I've run into a problem that ruined six shirts on my last run of 50.

After curing the ink I noticed that the ink on the back print had bled though to the front of the shirt. It almost seems it was the oils or something in the ink that had bled though. I've attached a pic (You have to look close). I tried to wash the shirts with no success in removing the problem. I would understand if this happened on all shirts but only about 6-10 of the 50 printed. 

My Process using Ryonet White Plastisol ink (Stirred before starting):

1) Flood screen (156 mesh, approximately 1/8 offset)
2) 3 - 4 strokes (1-2 strokes were leaving too much ink on shirt which was pulling up into rough peaks.)
3) Flash ink
4) Flood screen
5) 3 - 4 more strokes.
6) Cure to 330 - 340 degrees (Checked with laser temp gun)

Any help would be appreciated.


----------



## wonubee (Oct 2, 2007)

What type of shirt as in is it 100% cotton or a Poly blend?

Are you stacking the shirts on top of each other after they have been cured?

If you are stacking the shirts on top of each other are they still hot when you do it?


----------



## bircanboss (Nov 25, 2009)

Is there any 'bleeding' on the inside of the shirt? If not then it's from stacking the shirts ontop of each other.


----------



## Greatzky (Jan 28, 2009)

that's a lot of strokes.. are you pushing the ink into the shirt? If you are getting bleeding on the inside you might be pressing too much ink too hard into the shirt fibers instead of laying it on top. Although i don't get bleed through I find that I push the ink into the shirt too much with light colors.
If you aren't getting bleeding on the inside than I think the others are correct that the ink is still hot when you are laying the shirts onto eachother. Could be more likely with 50/50 shirts too.


----------



## BillyV (May 8, 2009)

Greatzky said:


> that's a lot of strokes.. are you pushing the ink into the shirt? If you are getting bleeding on the inside you might be pressing too much ink too hard into the shirt fibers instead of laying it on top. Although i don't get bleed through I find that I push the ink into the shirt too much with light colors.
> If you aren't getting bleeding on the inside than I think the others are correct that the ink is still hot when you are laying the shirts onto eachother. Could be more likely with 50/50 shirts too.

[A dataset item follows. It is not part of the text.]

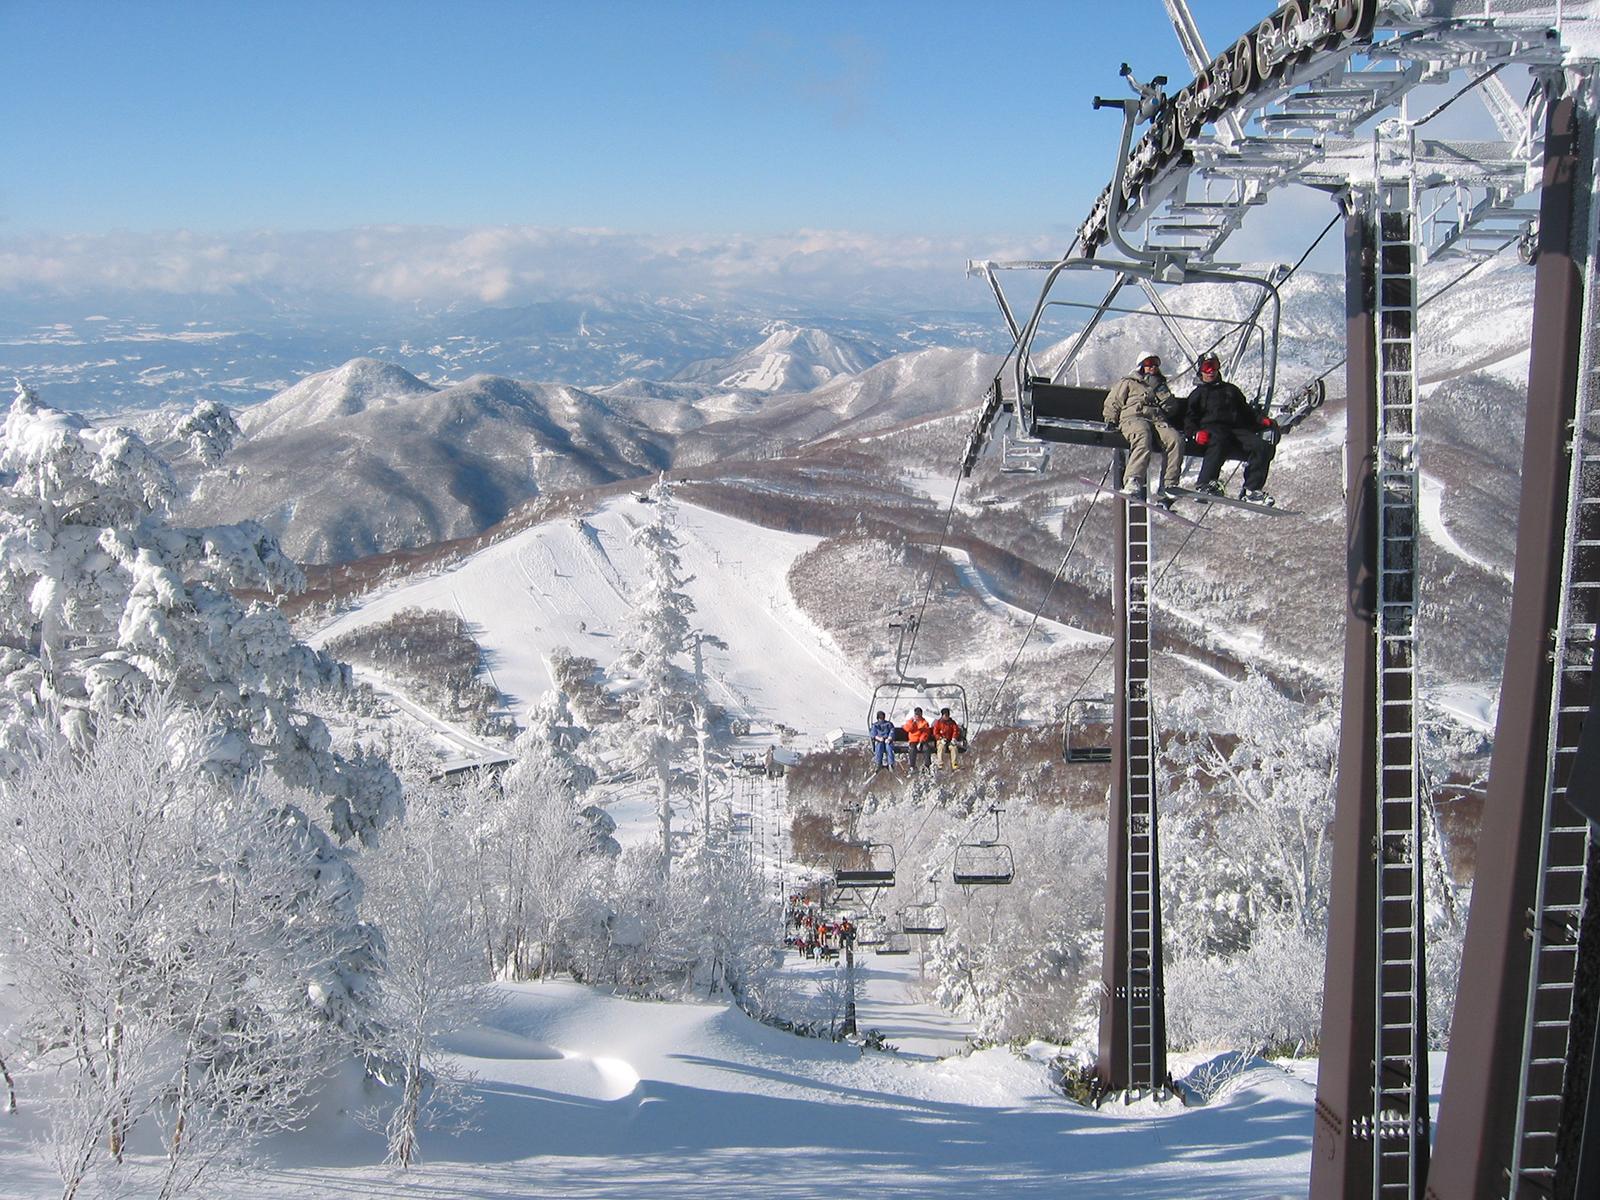 志賀高原スキー場のおすすめゲレンデ15を解説!リフトや初心者コースなど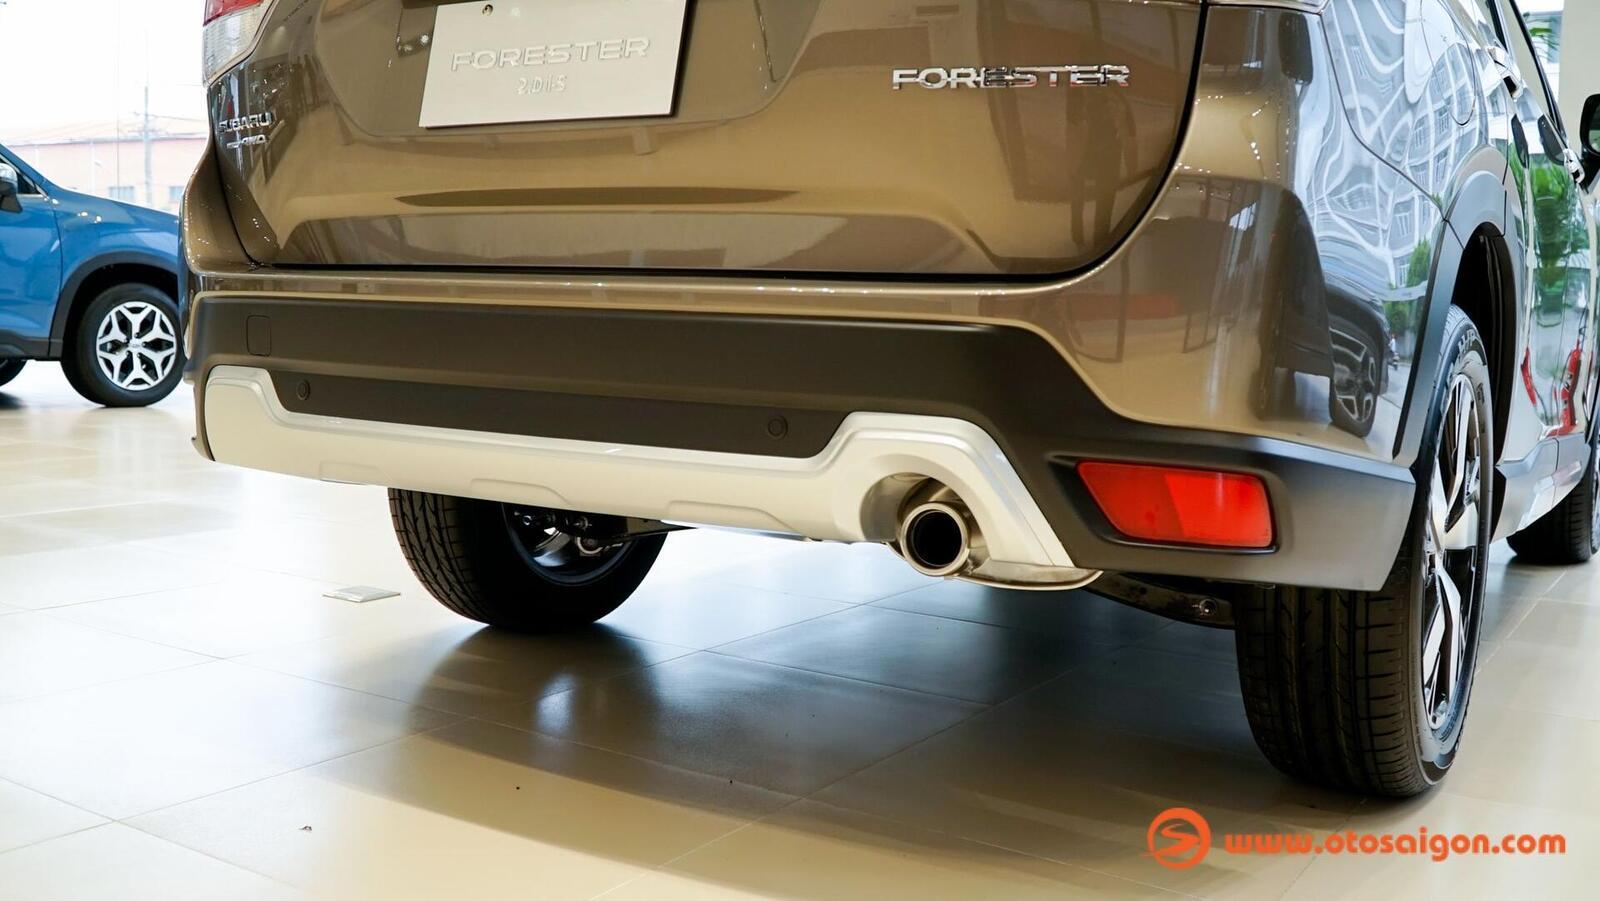 Đánh giá nhanh Subaru Forester thế hệ mới và sự khác biệt giữa hai phiên bản - Hình 18

I have printed over a thousand shirts with Ryonet White and have never had a signal instance of bleed?

Either you are put way to much ink or my guess is that you are not curing the ink to 320?

There is a great thread on getting a good white print without going through the process you are...

Try starting here www.t-shirtforums.com/t-shirt-articles/t83872.html

Do a search on printing white on a dark shirts if you still are experiencing issues..


----------



## sdickerson (Jan 28, 2010)

I'm using 100% cotton Gildan G2000 Shirts. 

After reading the ideas I'm convinced it's stacking the shirts while still hot after curing. I looked at the "Bleed Though" and it dosen't match the back print. I'm assuming that when they are fully cooled they are safe to stack.

I'll have to look into the printing white with fewer strokes. Again, thanks for all the help. This forum is the BEST!


----------



## jmlampert23 (Nov 7, 2008)

4 strokes then 4 more after a flash is wat too much one or two the flash then one more is enough


----------